MongoliaPlanned Modernization
Mid-rise apartment building, Ulaanbaatar
Courtesy Steve Mann
Modernization in Mongolia has meant establishing new,
special-purpose organizations, expanding the scope and
responsibilities of the government, generating new occupational
roles and hence increasing the division of labor, as well as
formulating new mechanisms to integrate and to coordinate a
society that is much more differentiated than its predecessor.
Mongolia's modernization has, furthermore, taken place at the
direction of a political party and a foreign patron the ideology
of which emphasizes rational planning and disparages the use of
market mechanisms to integrate the society. In the 1980s,
Mongolia's leaders and mass media continued to stress the
necessity of planning, of meeting goals and targets, and of
carrying on large-scale projects.
The former value of accommodation to, and harmony with, the
natural world has been replaced by a fervent assertion of the
dominion of man over nature and a major effort to control and to
conquer the natural environment. Science in the form of
veterinary medicine, artificial insemination, and selective
breeding has been applied to the herds in the effort to reach the
increases in sheep, yaks, horses, and goats that were set in the
five-year plans
(see Socialist Framework of the Economy
, ch. 3).
Mongolia's press has publicized the number of hectares of steppe
planted with wheat and has praised the labor heroes who level
mountains of copper ore or control huge excavators at open-pit
coal mines. The application of the most up-to-date science and
technology has been expected to result in "the comprehensive
development of the productive forces of socialist society," which
in turn would produce rapid economic growth and increases in
people's prosperity. The value of control, over both the natural
environment and the human population, was associated closely with
the ideology of planning, and carrying out the dictates of the
plan has been made a primary political virtue for Mongolian
citizens.
Social change in modern Mongolia has consisted of the
enrollment of previously self-sufficient herders into
bureaucratically structured and economically specialized
productive units, such as herding collectives or state factories
and mines. Most Mongolians have become wage-earners, subject to
labor discipline and to the supervision of a new class of
managers and administrators, most of whom belong to the ruling
Mongolian People's Revolutionary Party. In return for submission
to labor discipline and surveillance, workers have received
greater security and a range of welfare benefits from their
enterprise or herding collectives. Benefits include free medical
care and education, child allowances, sick leave and annual
holidays, and old-age pensions. The government has made
considerable efforts to reduce the gap between the benefits and
the opportunities available to industrial workers and urban
administrators and those provided to the pastoralists.
A modernized state farm and its machine operators were
described in a Mongolian magazine in the 1980s. The drivers of
tractors and combines were graduates of a three-year vocational
secondary school, and each had a daily quota of plowing or
harvesting. Those who fulfilled their day's quota received a free
lunch, "prepared by professional cooks," and overfulfillment of
the daily quota brought additional remuneration. Like most
Mongolian workers, they engaged in "socialist emulation"
contests, a Soviet practice under which teams of workers competed
to do a task quickly or to surpass a quota. Each worker was rated
as a first-class machine operator or a second-class machine
operator, and the skill rating, in combination with an increment
for length of service, determined the wage level. The state
farm's chief agronomist, a graduate of an agricultural college,
toured the area on his motorcycle to check the quality of each
day's plowing.

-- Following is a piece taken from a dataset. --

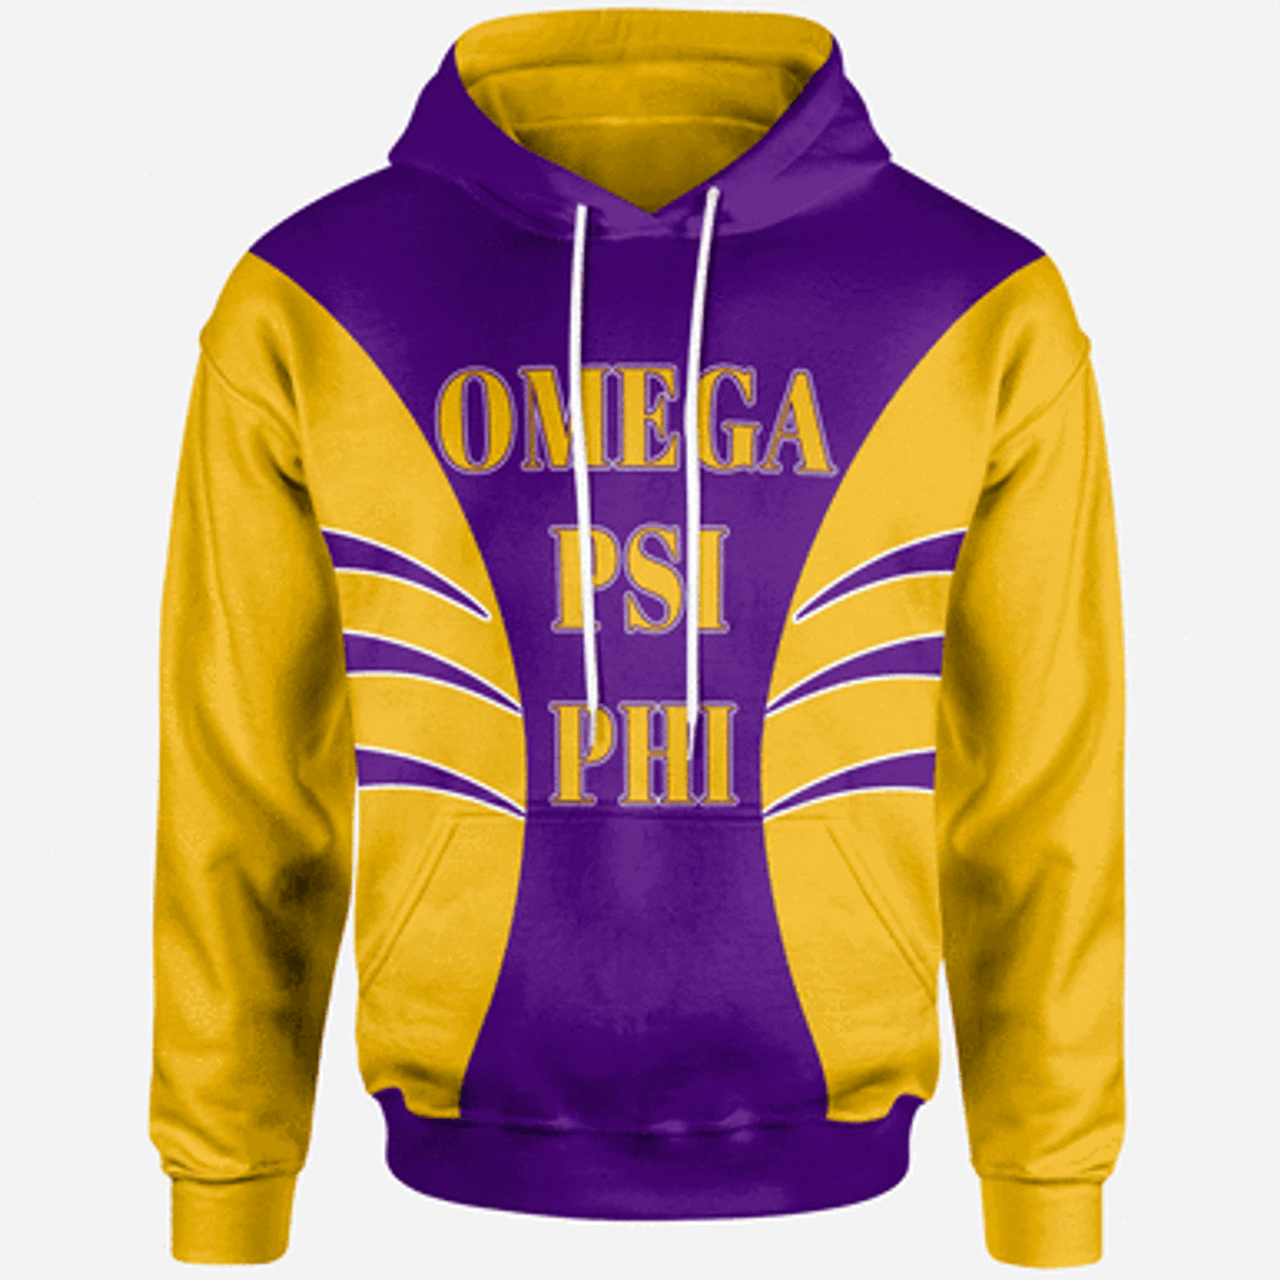 Omega Psi Phi Hoodie – Fraternity Claws Paw Style Hoodie

The state farm's administrative center was
described as an urban-style community with two-story buildings
and such amenities as a secondary school, medical facilities
staffed with physicians, day-care centers for children of working
parents, shops, and a "palace of culture."
Modernization has meant the creation of a substantial body of
planners, supervisors, accountants, and clerks. The state has
clearly attempted to control and to monitor the performance of
all workers, including herders, who had quotas for weekly and
monthly production of milk, butter, cheese, and wool.